We fit it and compare metrics with the thresholded linear regression above.


In [None]:
logreg = Pipeline(steps=[('prep', preprocess),
                         ('clf', LogisticRegression(max_iter=1000))])
logreg.fit(X_train, y_train)

y_pred_log = logreg.predict(X_test)

print('Logistic Regression:')
print('  Accuracy:', round(accuracy_score(y_test, y_pred_log), 4))
print('  Confusion Matrix:\n', confusion_matrix(y_test, y_pred_log))
print('\nClassification Report:\n', classification_report(y_test, y_pred_log, digits=4))

## How to Predict for a New Person

In [None]:
example_person = {
    'Age': 28,
    'Sex': 'Male',
    'BMI': 19.2,
    'SystolicBP': 112,
    'DiastolicBP': 72,
    'FastingGlucose_mgdl': 165.0,
    'HbA1c': 7.8,
    'TotalCholesterol': 170,
    'Triglycerides': 140,
    'ActivityLevel': 'Moderate',
    'Smoker': 'No',
    'RetinaFinding': 'None',
    'FamilyHistory_T2D': 'None',
    'AutoimmuneHistory': 'Yes',
    'GAD65_Antibody': 'Positive',
    'C_Peptide_ngml': 0.6,
    'OnsetAge': 24,
    'DKA_History': 'Yes',
    'PastDiseases': 'Thyroid',
    'PulsePressure': 112-72,
    'BMI_Class': 'Normal'
}

newX = pd.DataFrame([example_person])

pred_cont = linreg.predict(newX)[0]
pred_type_lin = 1 if pred_cont < 1.5 else 2

pred_type_log = int(logreg.predict(newX)[0])

print('Linear Regression predicted continuous:', round(pred_cont, 3))
print('Linear Regression -> Type:', pred_type_lin)
print('Logistic Regression -> Type:', pred_type_log)

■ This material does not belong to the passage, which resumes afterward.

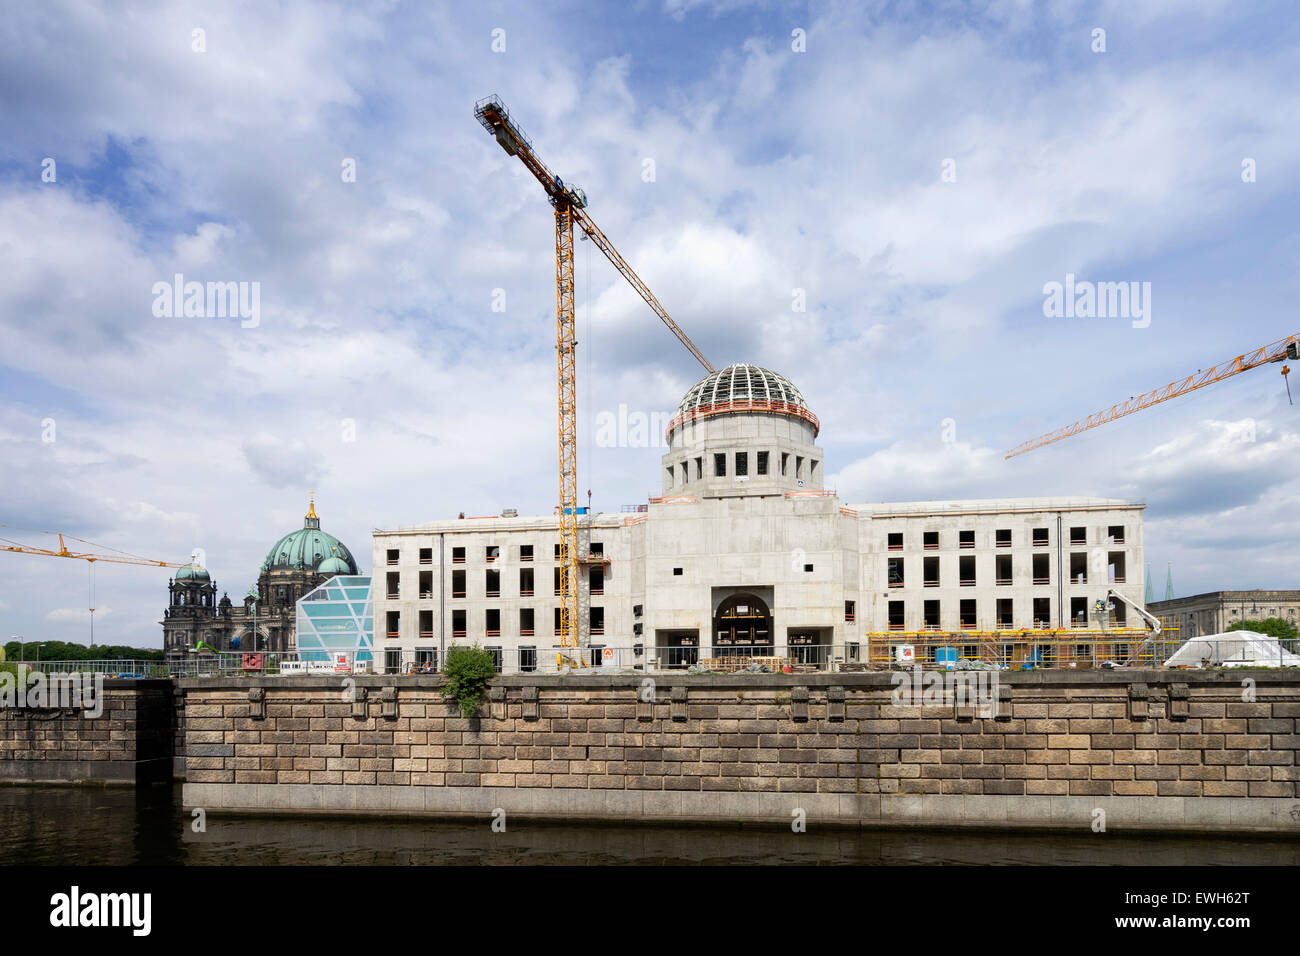 La construction de nouveaux palais de Berlin reconstruit ou Berliner Schloss sur l'île des musées à Mitte Berlin Allemagne Banque D'Images

## Results, Limitations, and Recommendations

**Results**
- Built two models: a **Linear Regression** with thresholding and a **Logistic Regression** classifier.
- Reported accuracy, confusion matrix, and classification report on a hold-out test set.

**Limitations**
- Data is **synthetic** and small (n=100), so generalization is limited.
- Labels are generated from heuristic rules + noise; not medically validated.
- Linear Regression is not ideal for classification; used here per requirement and for comparison.
- Class balance may vary run-to-run; metrics can fluctuate.

**Recommendations**
- Use **larger, real datasets** with clinically validated labels.
- Prefer **classification models** (Logistic Regression, Random Forest, XGBoost).
- Add **calibration** and **probability thresholds** tuned via ROC/PR analysis.
- Incorporate more features (OGTT results, islet antibodies panel, C‑peptide fasting/stimulated) and time-to-insulin requirement.